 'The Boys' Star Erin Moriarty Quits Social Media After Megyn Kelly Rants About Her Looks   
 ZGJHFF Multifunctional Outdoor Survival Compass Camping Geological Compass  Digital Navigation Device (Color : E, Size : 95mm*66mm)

---

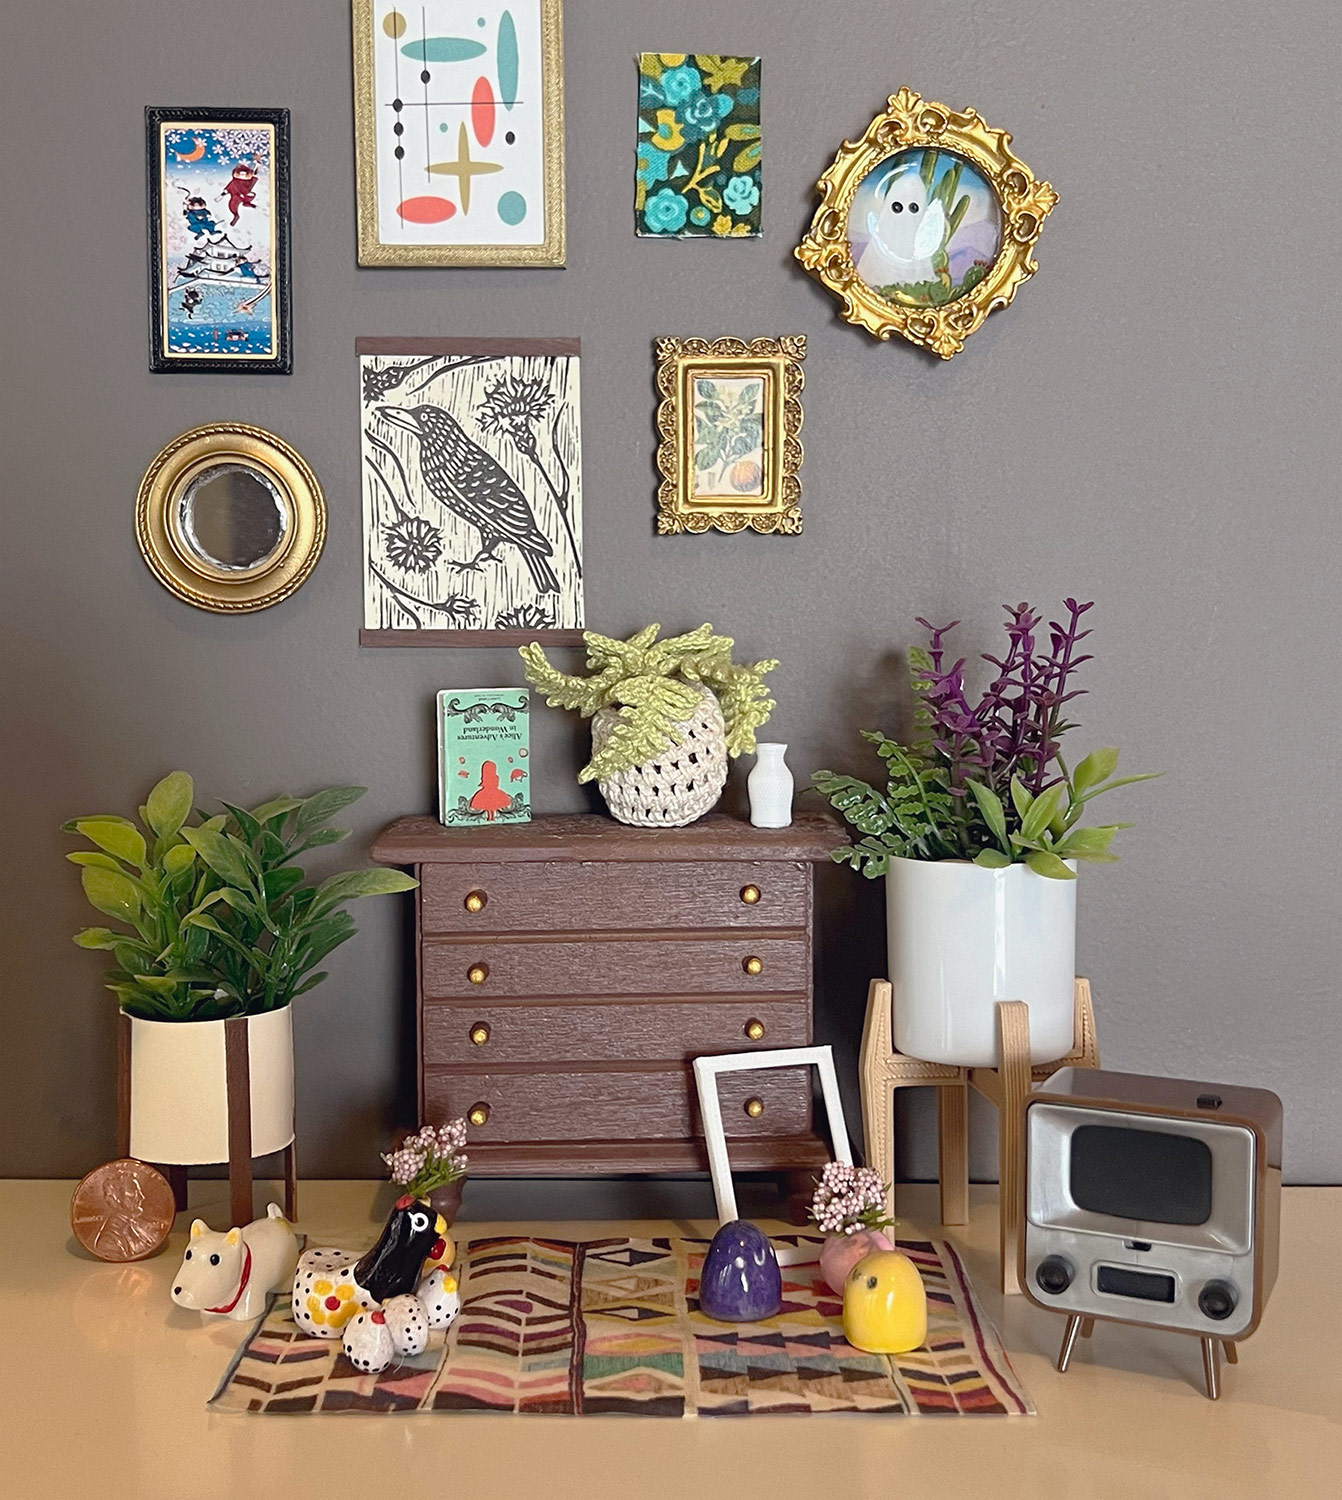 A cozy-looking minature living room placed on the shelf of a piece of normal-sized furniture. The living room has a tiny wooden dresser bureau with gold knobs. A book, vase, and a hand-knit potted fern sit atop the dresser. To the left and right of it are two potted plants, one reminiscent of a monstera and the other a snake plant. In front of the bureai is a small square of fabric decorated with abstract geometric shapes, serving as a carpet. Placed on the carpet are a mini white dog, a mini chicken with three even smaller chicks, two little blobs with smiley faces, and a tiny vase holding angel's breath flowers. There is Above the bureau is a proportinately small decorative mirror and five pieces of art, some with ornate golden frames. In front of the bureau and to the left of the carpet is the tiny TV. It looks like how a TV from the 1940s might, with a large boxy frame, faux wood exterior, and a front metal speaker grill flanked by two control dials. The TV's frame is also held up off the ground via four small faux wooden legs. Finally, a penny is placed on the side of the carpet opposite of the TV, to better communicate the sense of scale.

▸ Work order
In the material above, locate the line containing "About Her Looks" and the line containing "ZGJHFF Multifunctional Outdoor". Transcribe exactly those two lines and every line between them, and nothing more.

▸ Result for this task
 'The Boys' Star Erin Moriarty Quits Social Media After Megyn Kelly Rants About Her Looks   
 ZGJHFF Multifunctional Outdoor Survival Compass Camping Geological Compass  Digital Navigation Device (Color : E, Size : 95mm*66mm)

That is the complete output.